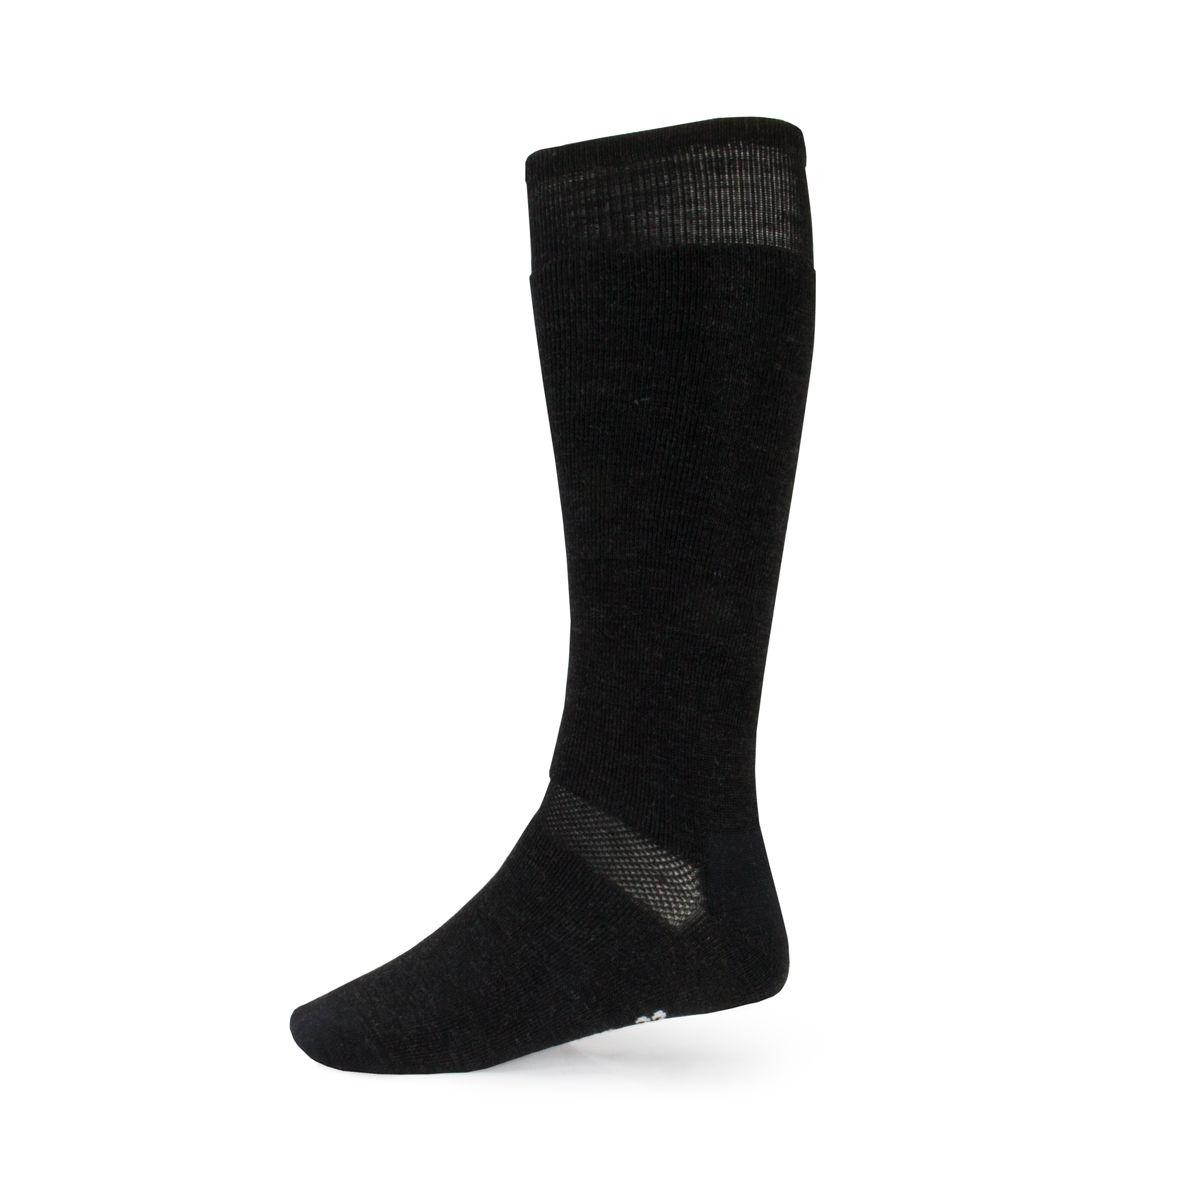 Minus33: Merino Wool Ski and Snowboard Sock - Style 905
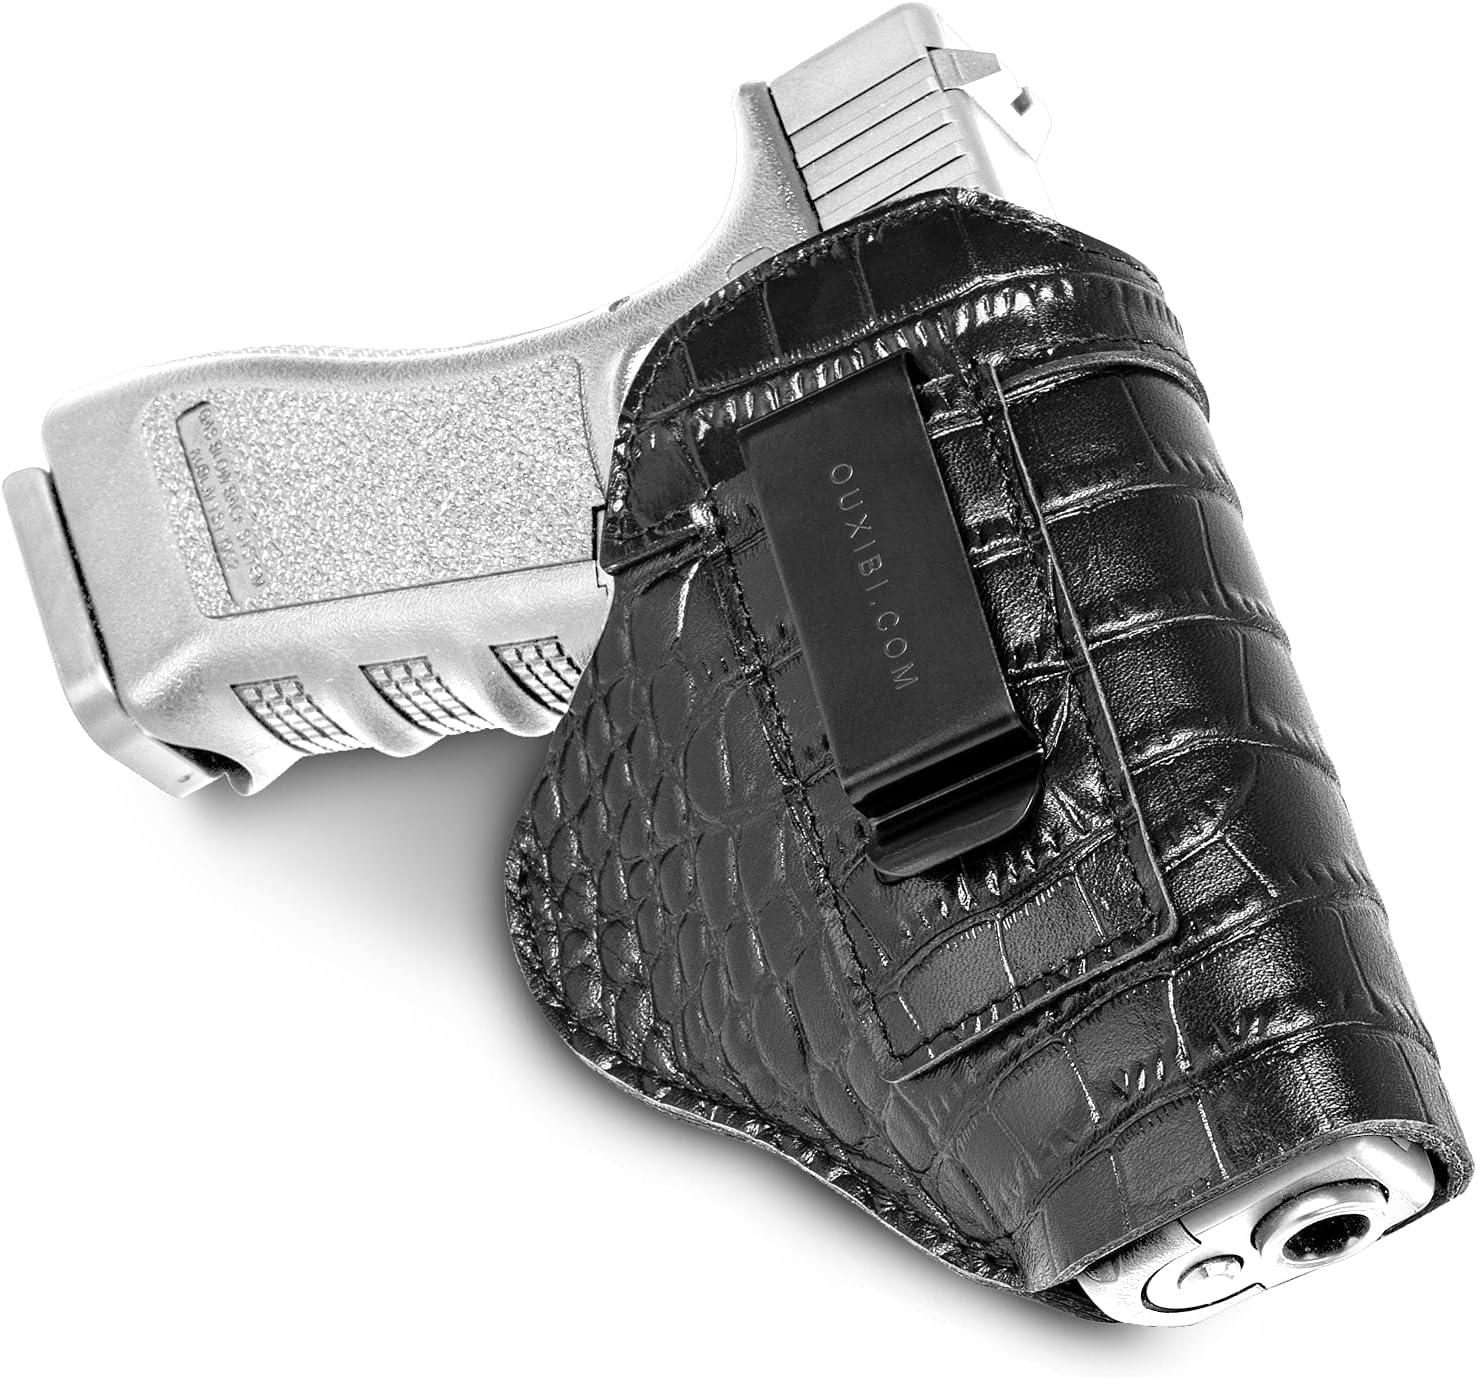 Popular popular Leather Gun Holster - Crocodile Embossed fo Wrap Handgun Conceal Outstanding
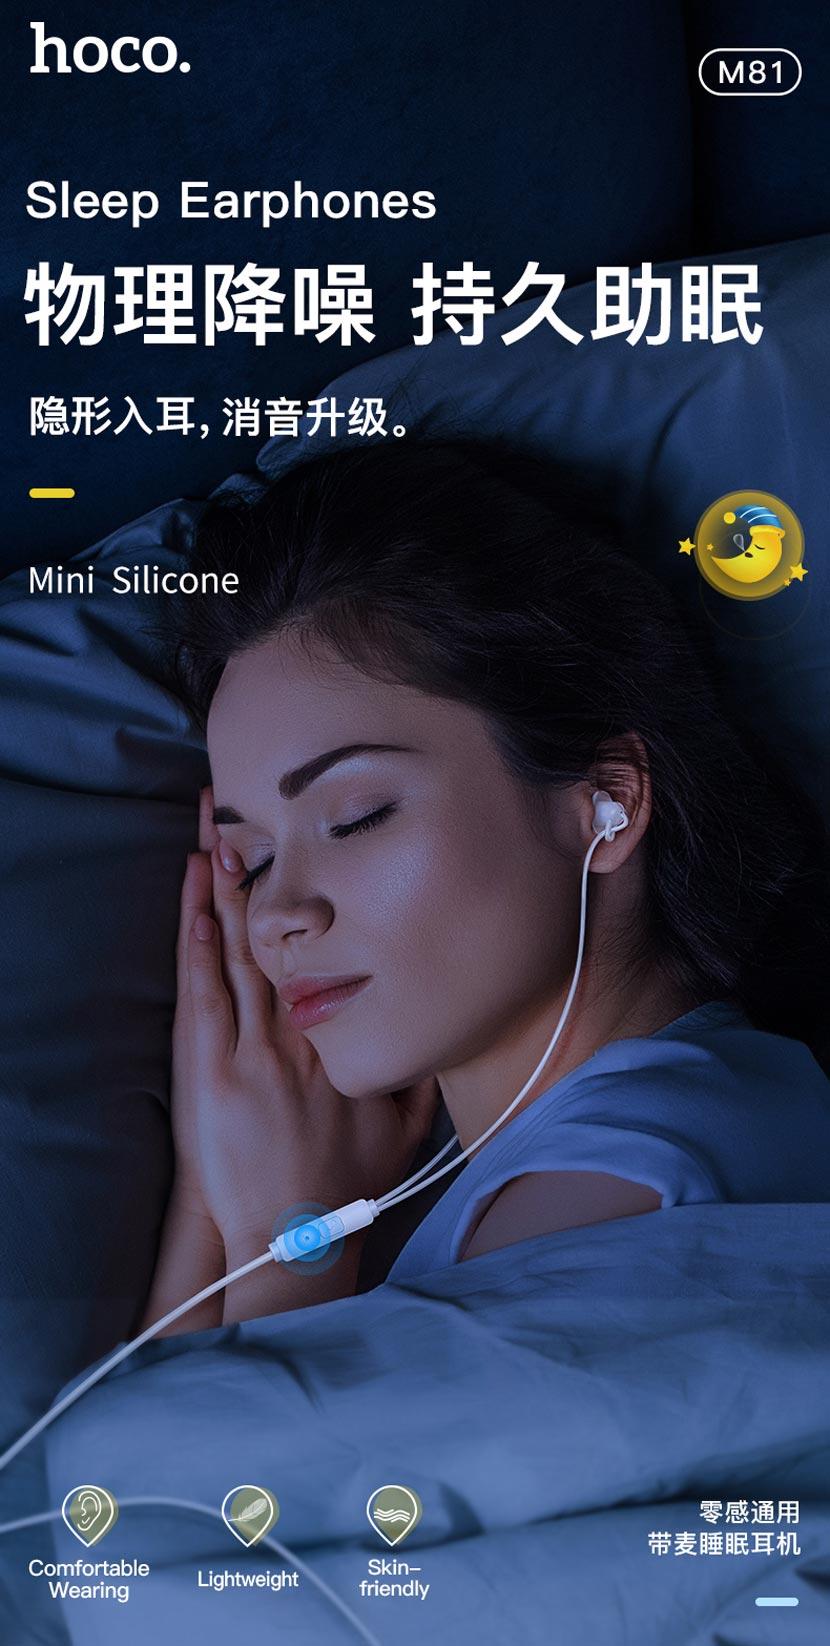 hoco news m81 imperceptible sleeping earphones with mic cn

^^^^^^^^

◆ **ACTIVITY**
Reproduce all the data as it stands. The pictures are not part of the copy.

◆ **WRITTEN RESPONSE**
 Minus33: Merino Wool Ski and Snowboard Sock - Style 905
 Popular popular Leather Gun Holster - Crocodile Embossed fo Wrap Handgun Conceal Outstanding
 hoco news m81 imperceptible sleeping earphones with mic cn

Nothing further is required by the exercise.